If you can share the call ID, I can pinpoint exactly what you're doing wrong.
quickest-silverOP•9mo ago
understood! I was able to make the custom transcriber work by doing that.
Now, nikhil told me about the modelOutputInMessagesEnabled flag which I would like to try out, but I believe it's not working
I shared the issue here: https://discord.com/channels/1211482211119796234/1228667357849849856/1314677498235195435
call_id: e50d7ff7-4058-4e36-b5e1-d1695e8dc03f
rare-sapphire•9mo ago
@Miguel C Looking into it allow me sometime.
quickest-silverOP•9mo ago
thanks 🙂
rare-sapphire•9mo ago
@Miguel C what's currently happening is your passing only the customer transcript you need to send both transcripts of each's turn as per the conversation flow,
modelOutputInMessagesEnabled
is used for setting what to be used in conversation messages LLM Output or TTS Transcription.

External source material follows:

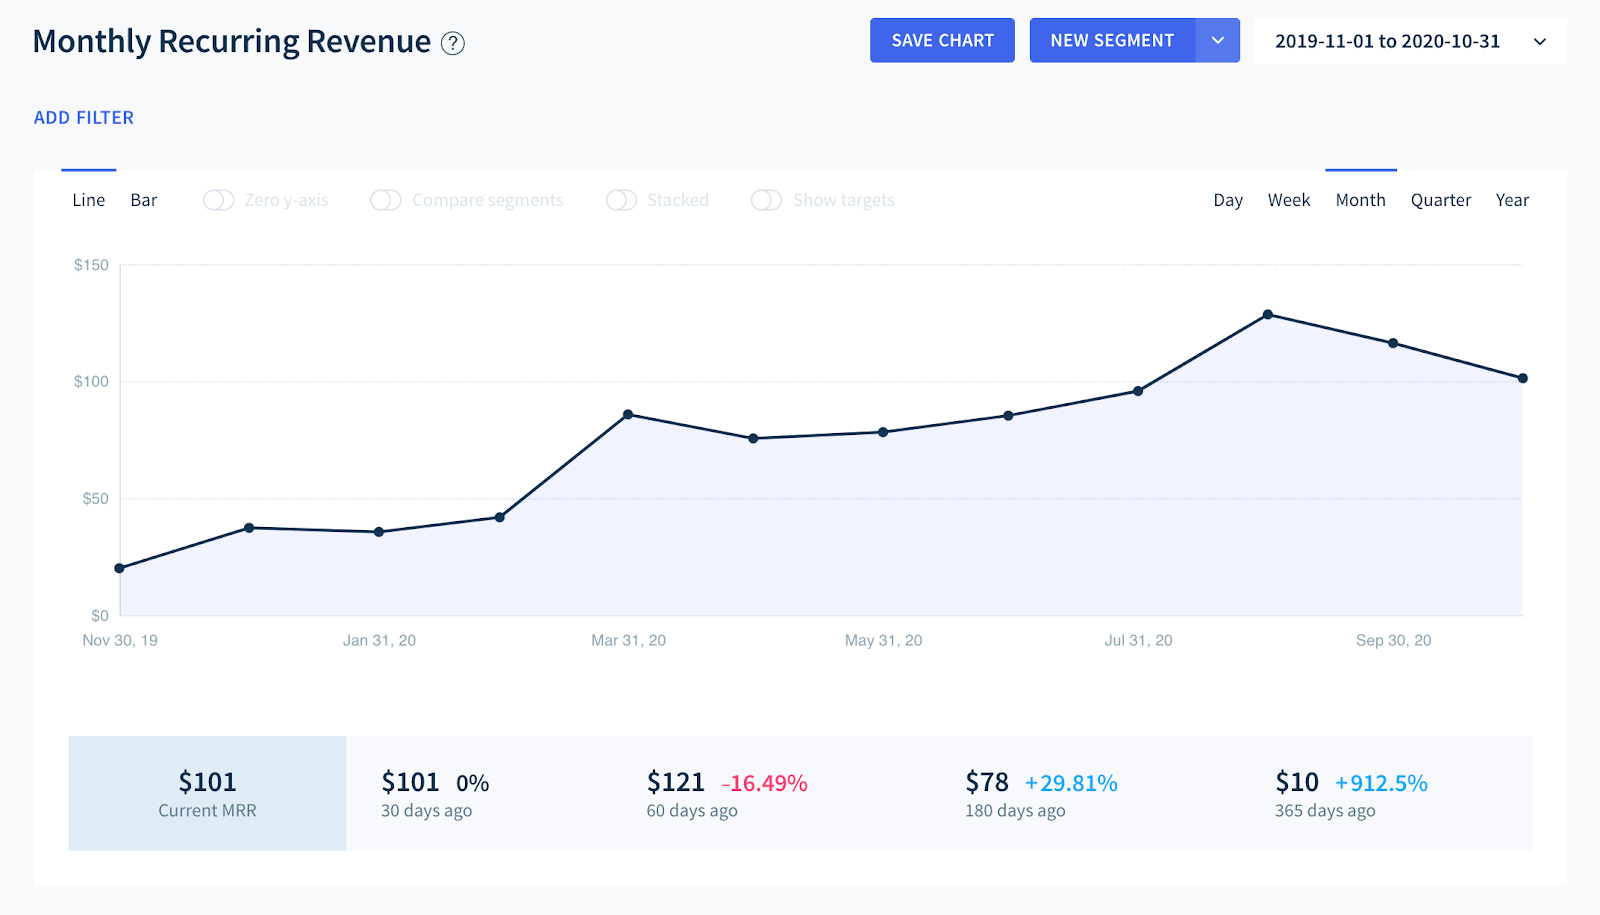 ChartMogul's Subscription Data Platform calculates SaaS growth rates out of the box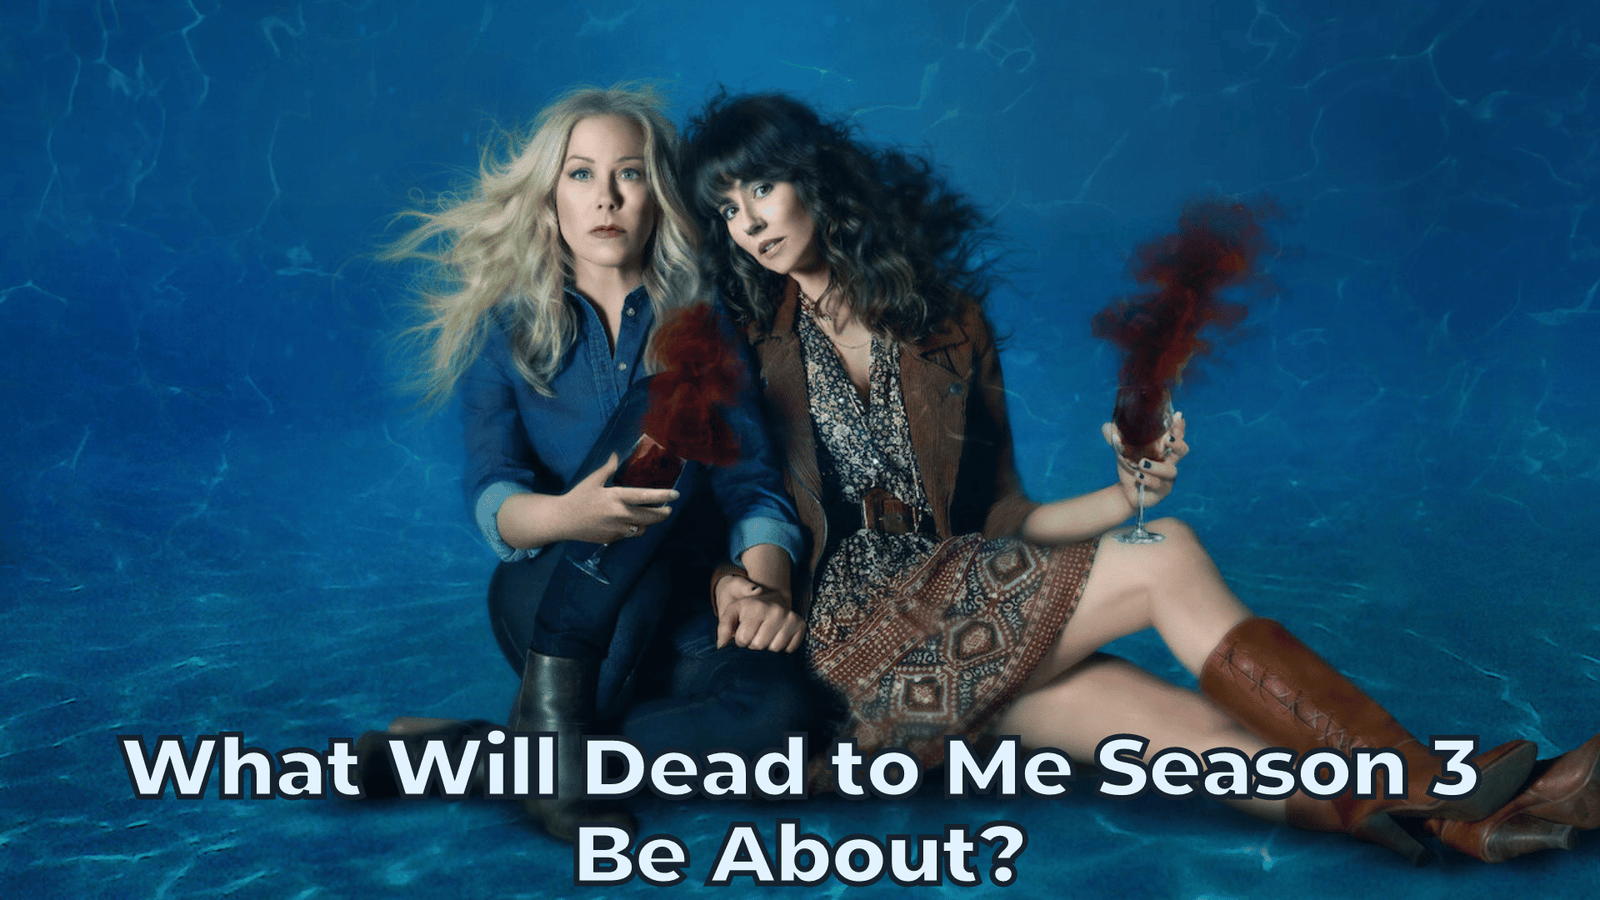 What Will Dead to Me Season 3 Be About?

Check the screenshot for the reference.
Let me know your comments on this!!
quickest-silverOP•9mo ago
I thought that by enabling
modelOutputInMessagesEnabled
the LLM output would be used to append the assistant messages directly to the conversation system, and I would not need to transcribe the assistant audio.
Even if I enable modelOutputInMessagesEnabled
I still need to transcribe the assistant audio and send it to Vapi?rare-sapphire•9mo ago
modelOutputInMessagesEnabled
adds model output to the message history, but we only support it for 11labs right now since it needs the TTS to provide exact timing.quickest-silverOP•9mo ago
understood, thanks for helping out!
another question 😅 I'm using Google Speech to text API. This API sends me speech activity events such as an event that indicates when the user has stopped talking. Can I send this event to Vapi?
As far as I know, Vapi's documentation only mentions that I can send an event with the transcription. But I would like to know if I can send an event to indicate that the user has stopped talking. The goal is to reduce latency.
rare-sapphire•9mo ago
When you send transcription back to Vapi using custom-sst you control how fast you want to send back transcription to Vapi. Do let me know if anything else is required.
evident-indigo•4mo ago
@Shubham Bajaj is it on the roadmap to add support for
modelOutputInMessagesEnabled
for other TTS providers like Deepgram?It is already out. You can now enable it.
evident-indigo•4mo ago
i see - i'm using Vapi TTS and it doesn't seem to work. Transcribed messages are still being added to the transcript / messages. Here is the call id: 3c73fe72-754d-4792-828e-aff641ba3ad9
would be great if you can help
Hey Raj,
modelOutputInMessagesEnabled: true
only work for 11labs & assistant. So if the user is using squad or any other voice this is ignored.